Table 56. Power analysis to estimate the number of (more...)

Table 56. Power analysis to estimate the number of patients required to achieve reduction in DVT rates¹

Test significance level, α	0.050	0.050	0.050	0.050	0.050	0.050
Group 1 proportion, π 1	0.118	0.118	0.118	0.118	0.118	0.118
Group 2 proportion, π 2	0.090	0.090	0.090	0.060	0.060	0.060
Odds ratio, ψ= π 2 (1-π 1)/[ π 1 (1-π 2)]	0.739	0.739	0.739	0.477	0.477	0.477
Power (%)	80	90	95	80	90	95
n per group	1,936	2,567	3,158	411	539	658

1Two-groups continuity-corrected chi-squared test of equal proportions.

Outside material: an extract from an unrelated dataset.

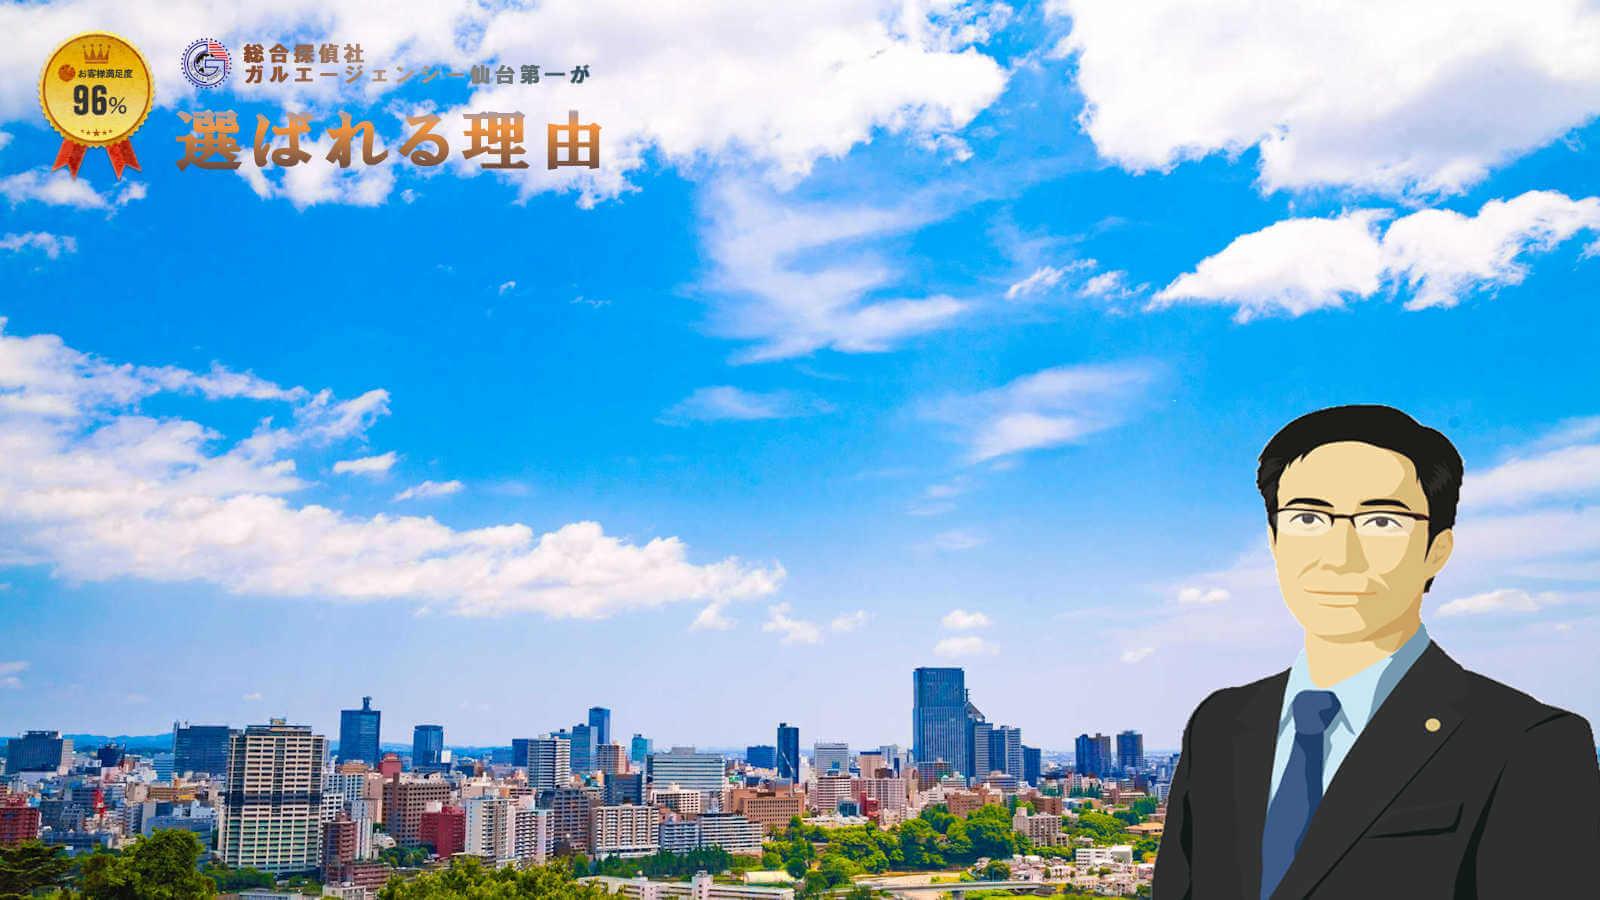 仙台の探偵社として22年の実績と信頼。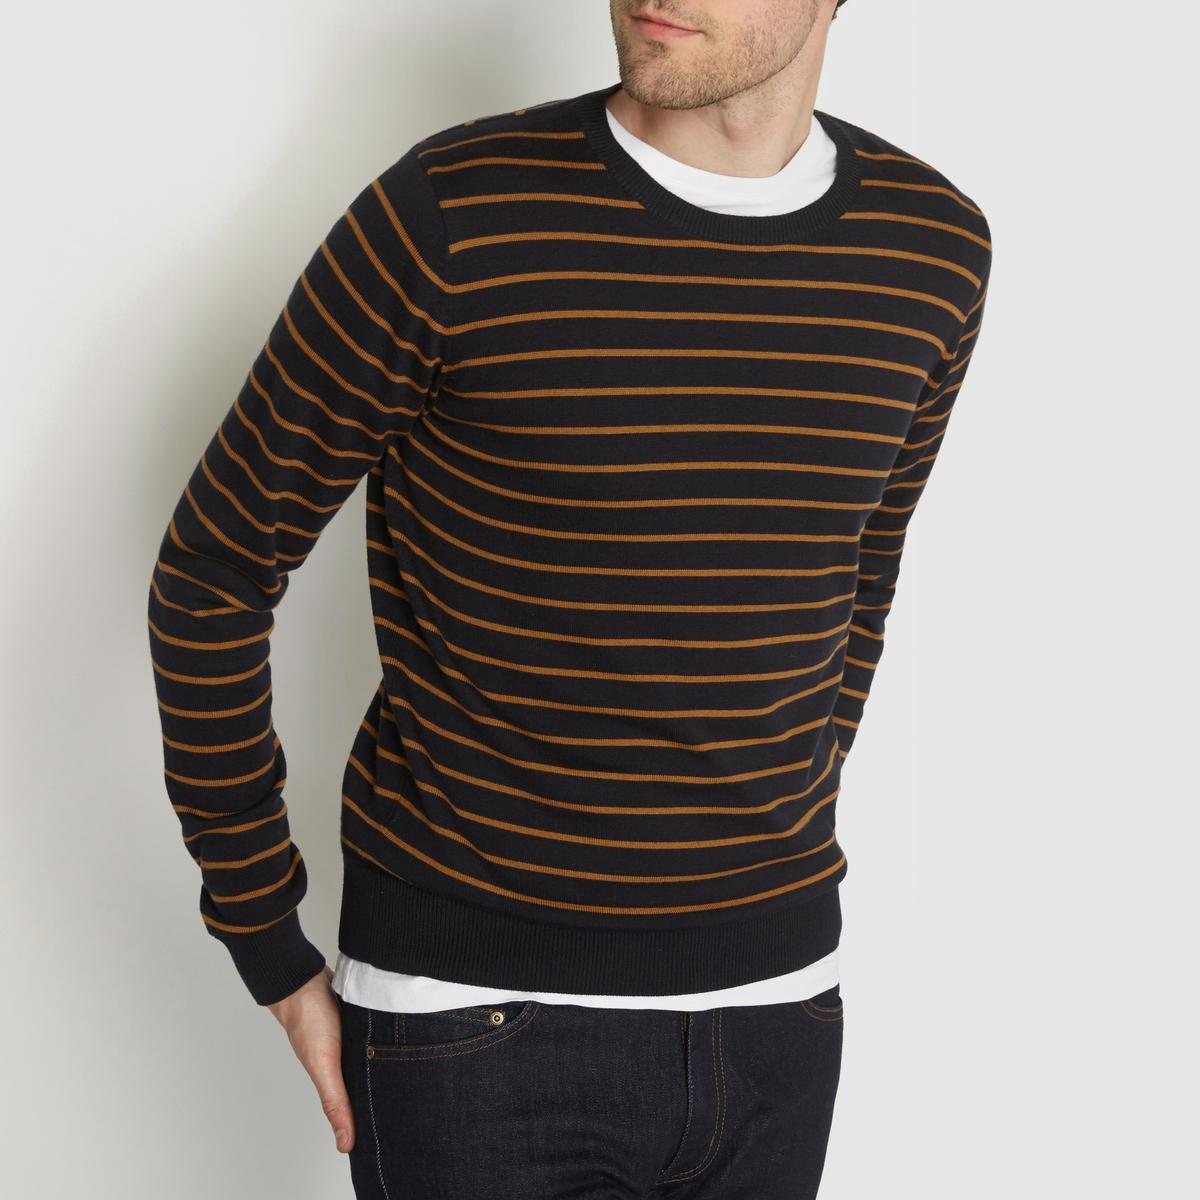 Пуловер в полоску 100% хлопокПуловер двухцветный в полоску с длинными рукавами. Прямой покрой, круглый вырез. Края низа и рукавов связаны в рубчик.Состав &amp; ДеталиМатериал : 100% хлопкаМарка : R essentiel.<br><br>Цвет: темно-синий в полоску/бежевый

DVT, deep venous thrombosis.

We estimated the sample sizes that would be needed for a large, randomized, controlled trial to demonstrate statistically significant reductions in DVT rates (Table 56). The power analysis assumed an -error of 0.05 and a power of 80 percent, 90 percent, or 95 percent. We estimated sample sizes according to two different scenarios:

• 1

  A reduction in the incidence of DVT from 11.8 percent (the general incidence in all trauma patients, as found in our analysis) to 9 percent (the incidence that would make the most expensive method of prophylaxis, LMWH, cost-effective for a person of the average age of the trauma population: 30--35 years old, see Tables 54-55).

• 2

  A reduction in the incidence of DVT from 11.8 percent to 6 percent (a 50 percent reduction, which is a clinically significant endpoint).

According to different power estimates and reduction rates, the sample sizes range from 411 to 3,158 patients per group. For example, to reduce the incidence of DVT with LMWH from 11.8 percent to 9 percent in a statistically significant way, assuming a power of 80 percent, approximately 4,000 patients should be included (2,000 in each group). This sample size alone strongly indicates the necessity of a multicenter trial.

The Role of Vena Cava Filters

The issue of VCFs is extremely important, and further research should be definitely done in this direction. We propose two study methodologies on this topic:

• Including this question in the multicenter trial: Patients should be stratified to those who could receive other methods of prophylaxis and those who had contraindications to other methods or had lifelong risk for VT. These latter patients should be randomized to receive or not receive a VCF.

• Designing a different study, specifically to answer this question: In such a study, all patients who were deemed to be at high risk for DVT according to predefined criteria should be randomized to receive or not receive a VCF, regardless of other methods of prophylaxis given simultaneously.

Both studies should have a predetermined protocol for evaluating PE according to symptoms, an aggressive autopsy policy to examine for PE and its possible association with death, and careful short-term and long-term followup to detect complications related to VCF.